Document 1: The Week One Checklist
The checklist translates the Issue 01 sequence into a working document: each of the seven days, each action, each brief note on why it matters and when to do it. It is structured for use under conditions of interrupted concentration — the kind of week the first seven days invariably is. You do not need to hold the sequence in your head. You work down the page.
The format is designed to be printed on two sides of A4 or kept open on a phone screen. Each day is a discrete block. Actions are ordered by urgency within each day — the Universal Credit claim on Day 2 leads, because the timing consequence of not doing it immediately is concrete. The checklist does not add information not available elsewhere. It removes the cognitive work of assembling and ordering it under stress.

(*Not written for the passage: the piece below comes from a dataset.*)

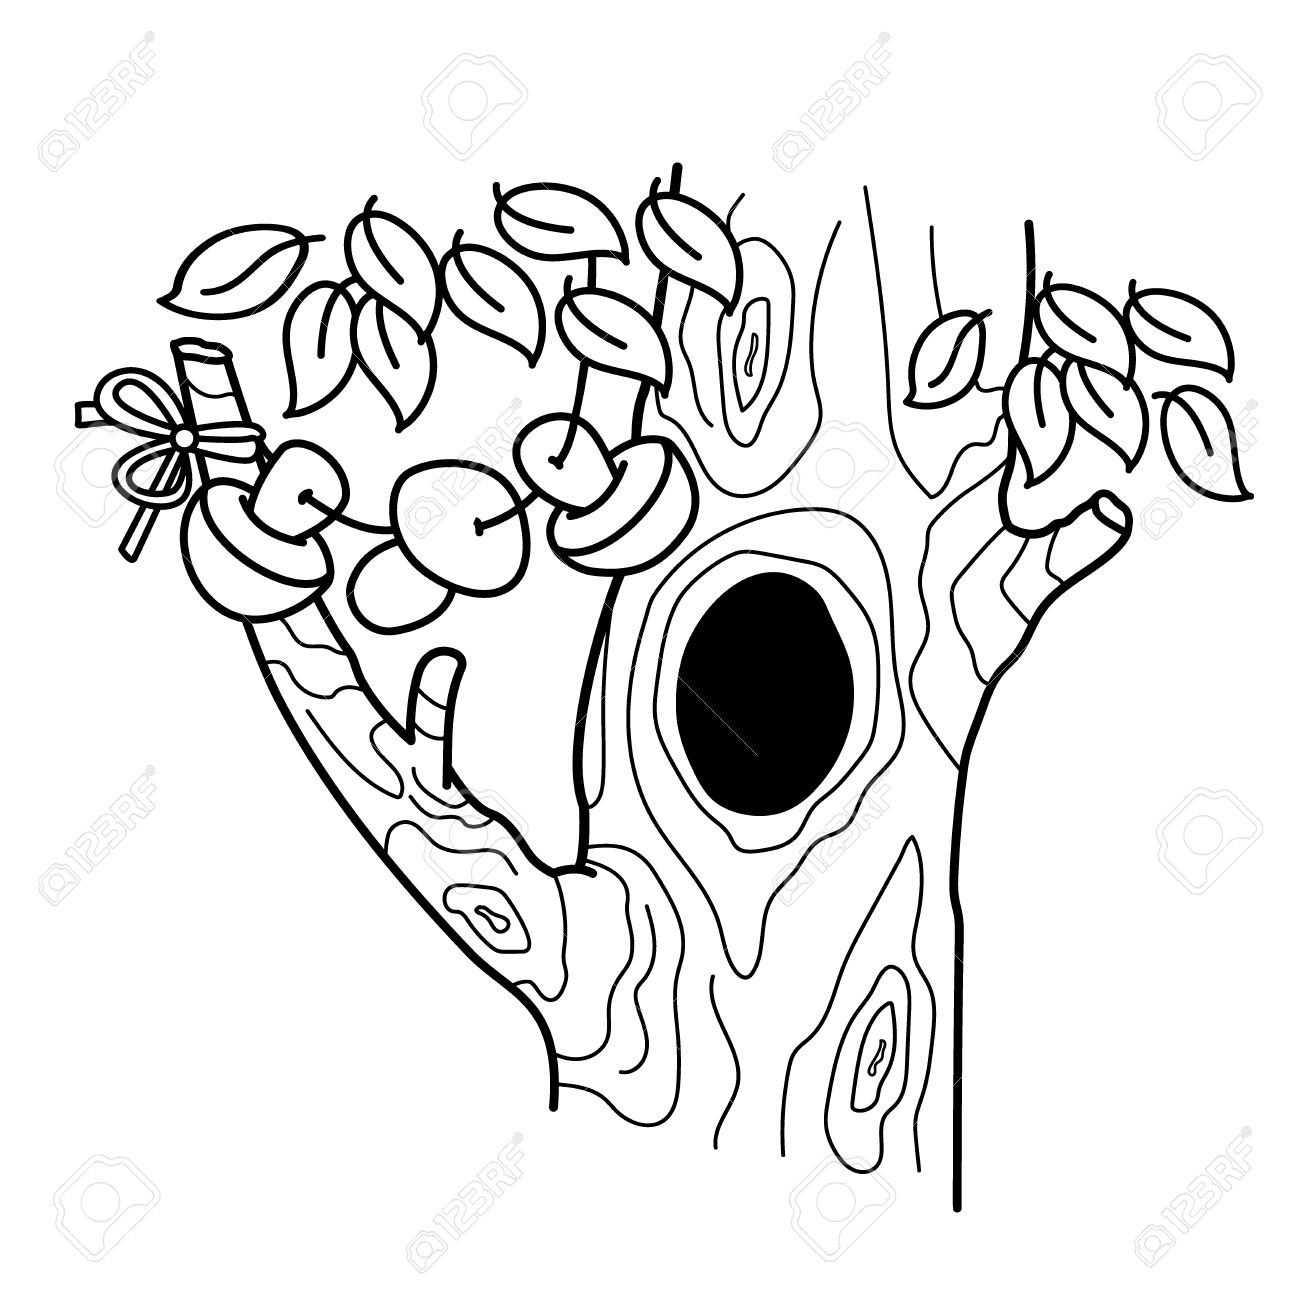 Página Para Colorear Esquema Del árbol De Dibujos Animados Con Un ...

Document 2: The Statutory Rights Reference Card
A single page. Every figure you are likely to need in the first seven days, current as of April 2026. The weekly pay cap (£751), the maximum statutory redundancy payment (£22,530), the statutory notice scale, the £30,000 tax-free threshold, the tribunal claim time limits (three months for unfair dismissal, six months for redundancy pay). Formatted as a reference card rather than a document — the kind of thing you keep next to you during a meeting or a phone call, not something you read once and file.

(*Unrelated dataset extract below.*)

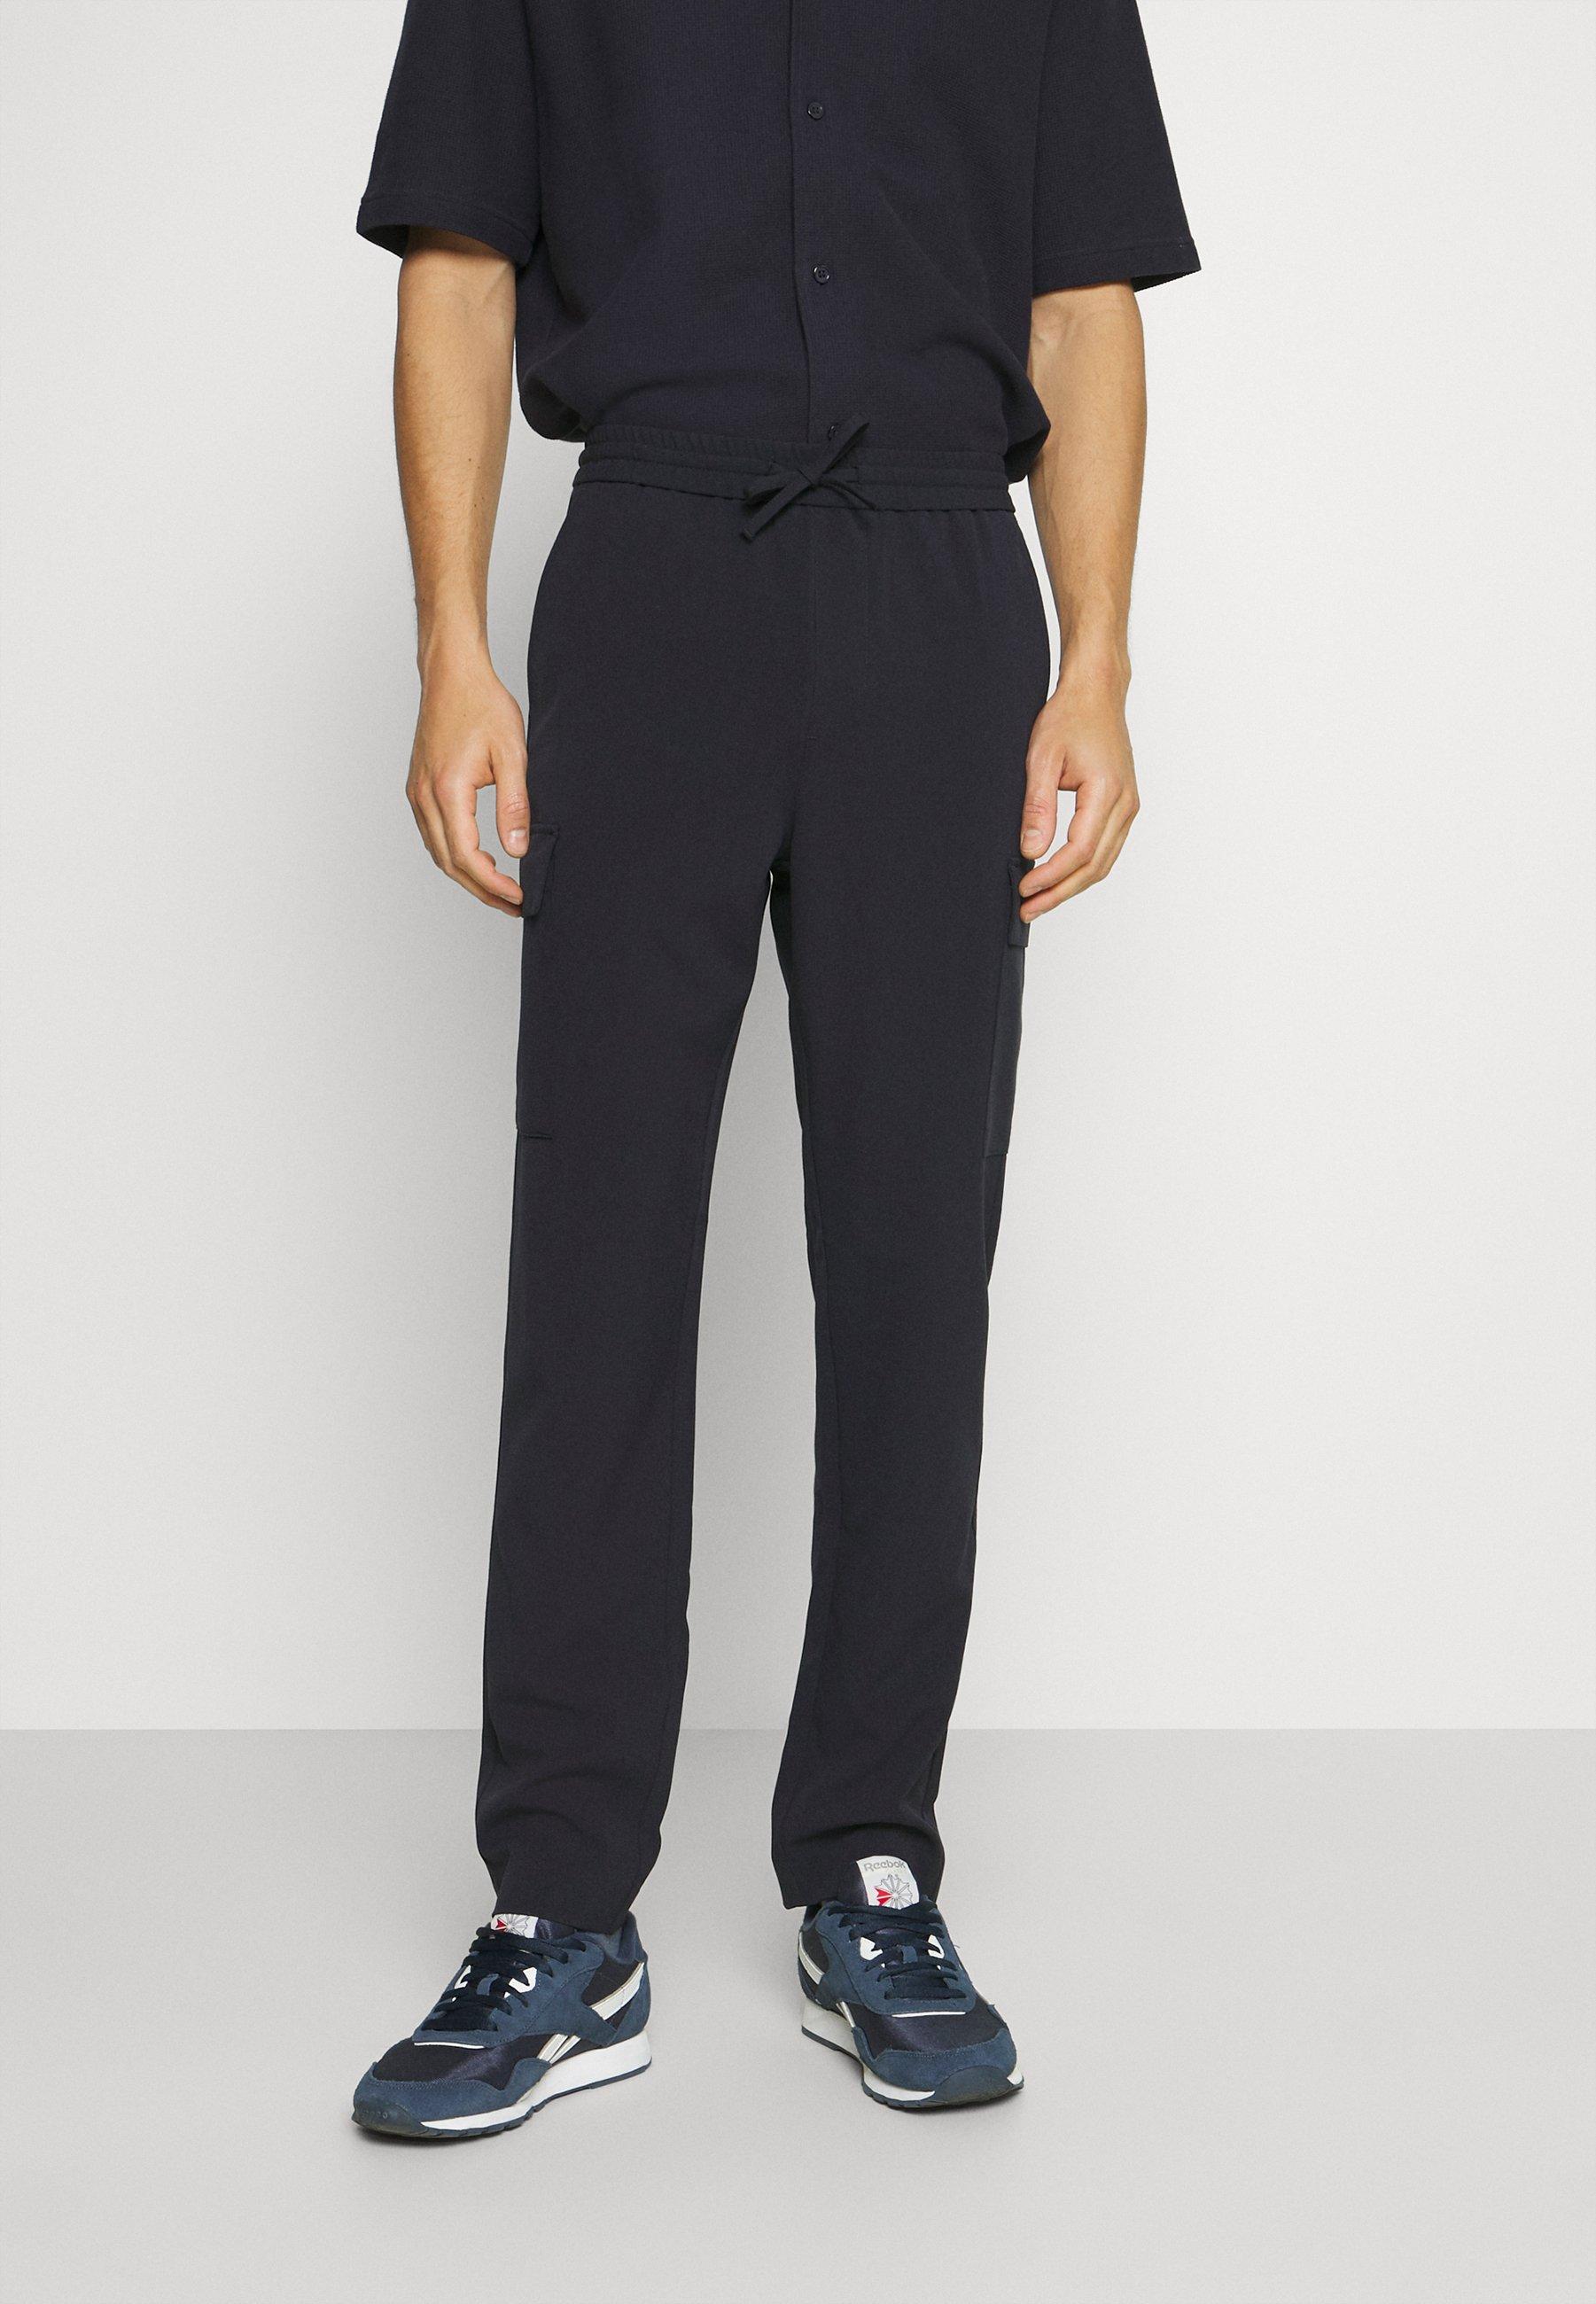 Homme PANTS PATCH THIGH POCKET - Pantalon classique

The figures are updated each April when the government revises the statutory rates. This edition reflects the April 2026 rates. The card includes a note of when the figures were last updated.
Document 3: The Acknowledgement Letter Template
Most people do not send a written acknowledgement after being notified of redundancy. There is no prompt to do it, no obvious template, and the first instinct — particularly in a difficult meeting — is not to start drafting correspondence. The result is that the written record of the notification rests entirely with the employer. The acknowledgement letter corrects that. It confirms in writing what was said, when, and what has been requested in response. It takes under five minutes to adapt and creates a timestamped record in your email outbox that did not exist before.
The template is drafted for the employee's first response — sent within 48 hours of the notification meeting. It acknowledges receipt of the at-risk notification, records the date of the meeting, confirms that written confirmation has been requested, and notes the employee's intention to engage with the consultation process. It does not make allegations or demands. It establishes a record. The template has four fields to complete: your name, your employer's name, the date of the meeting, and the name of the person who conducted it. Nothing else requires editing.
What You Are Paying For
The information in this pack is available for free. GOV.UK has the statutory figures. ACAS has guidance on the redundancy process. Issue 01 of this publication has the week-one sequence in full. None of that is the product. The product is the form: a checklist you can work through rather than an article you have to convert into one, a reference card sized to be useful rather than comprehensive, and a letter template that requires five minutes and no drafting skill rather than a blank page at the wrong moment.
The acknowledgement letter in particular has no direct equivalent available for free. GOV.UK does not provide employee-facing letter templates for the notification stage. ACAS guidance does not include a ready-to-send response scoped specifically to the first 48 hours. A solicitor would charge more than the price of this pack to draft a single letter. At £9, the pack costs less than the administrative friction of assembling the same three documents from scratch — particularly in the week you are least positioned to do that work.
No claims are made here that cannot be verified by opening the documents. The checklist is a checklist. The reference card is a reference card. The letter template is a letter template. If the pack does not deliver what is described on this page, Gumroad's standard refund policy applies.
This pack covers the first seven days. It is not legal advice and is not a substitute for a solicitor if the redundancy process appears defective or a settlement agreement is on the table. For those situations, Settlement Agreements and Appeals set out what the relevant processes involve and when independent legal advice is the appropriate step.